Towards retrieving soil hydraulic properties by hyperspectral remote sensing

In this study, we developed spectrotransfer functions (STFs) that relate soil hydraulic properties (SHPs) to spectral reflectance values to estimate hydraulic parameters of the Mualem–van Genuchten (MvG) model. We investigated the general potential of airborne as well as space-borne remote sensors to retrieve MvG hydraulic parameters of a bare soil agricultural field. Based on the ASD full spectrum (Scenario I), simple spectral signatures were generated mimicking the hyperspectral EnMAP sensor (Scenario II), and the multispectral Sentinel-2 sensor (Scenario III). A stepwise multiple linear regression method was used for each scenario to derive STFs. We further tested laboratory- and soil-map-based HYPRES and Rosetta pedotransfer functions (PTFs) to parameterize MvG parameters and thus provide soil water characteristics and hydraulic conductivity functions in the region.

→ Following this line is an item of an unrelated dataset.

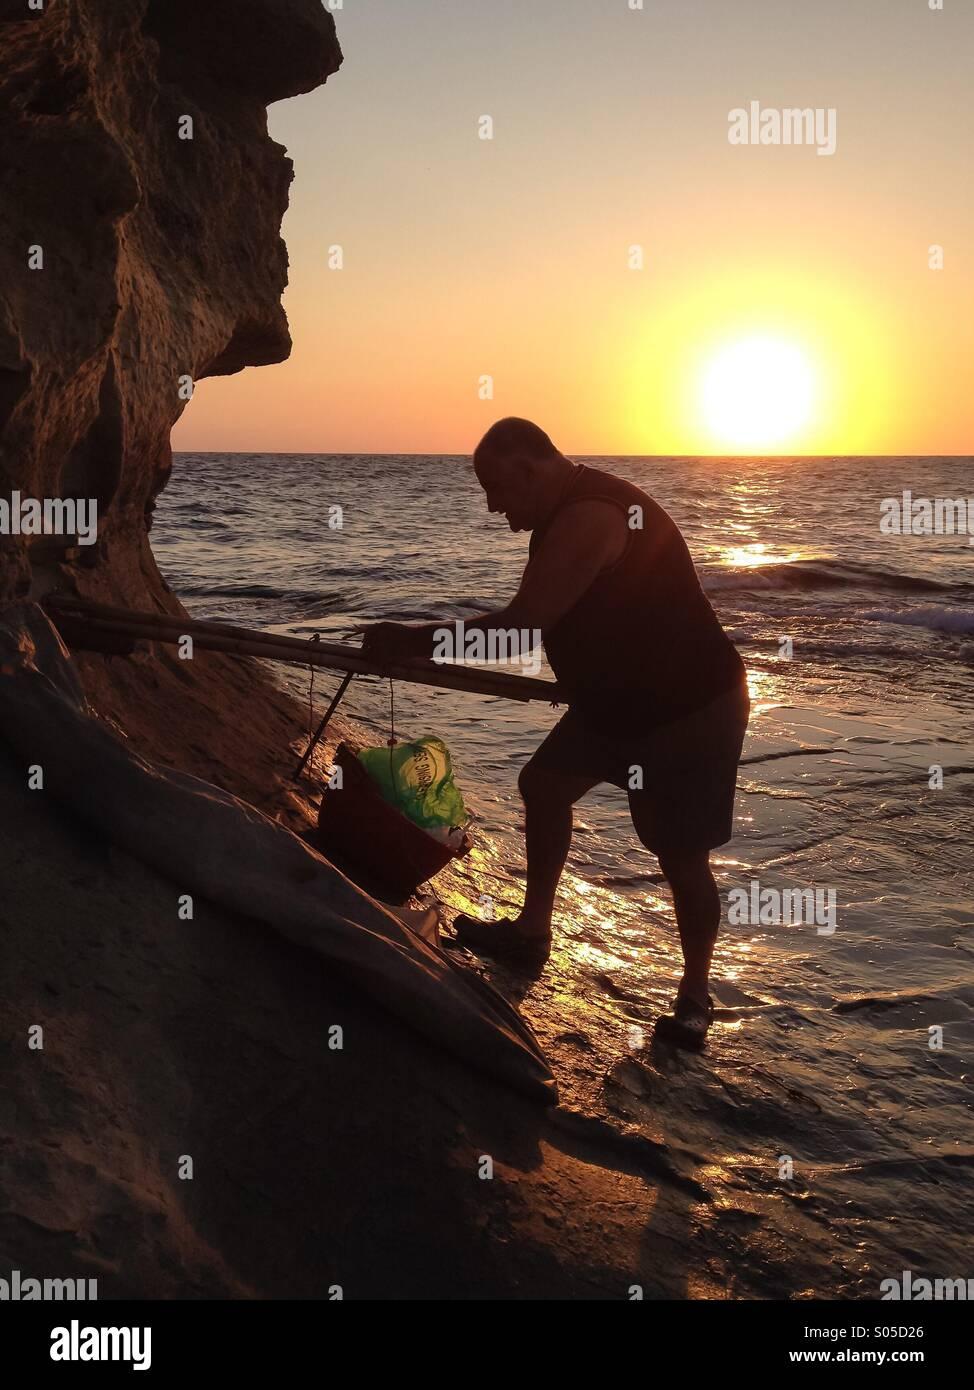 La préparation de la voile et de flottement de pêcheur à l'aube Photo Stock

The best results were obtained for Scenarios I and II, with similar R²values for shape parameters α >* and n and the lognormal saturated hydraulic conductivity (K_s*). The R² values were highest for K_s>* in Scenarios I and II (0.58 and 0.57, respectively). The R2 values for α >* and n were 0.30 and 0.34 in Scenario I and 0.39 and 0.31 in Scenario II, respectively. In all scenarios, the lowest R² values were obtained for saturated water content (ɵ_s), with values around 0.10 for Scenarios I and II and almost zero in Scenario III. Compared with HYPRES and Rosetta PTFs, the spectral approach performed reasonably well in terms of predicting soil water retention characteristics and unsaturated hydraulic conductivity. These findings suggest that spectral reflectance data provide a promising indirect and quick method for large-scale parameter estimation.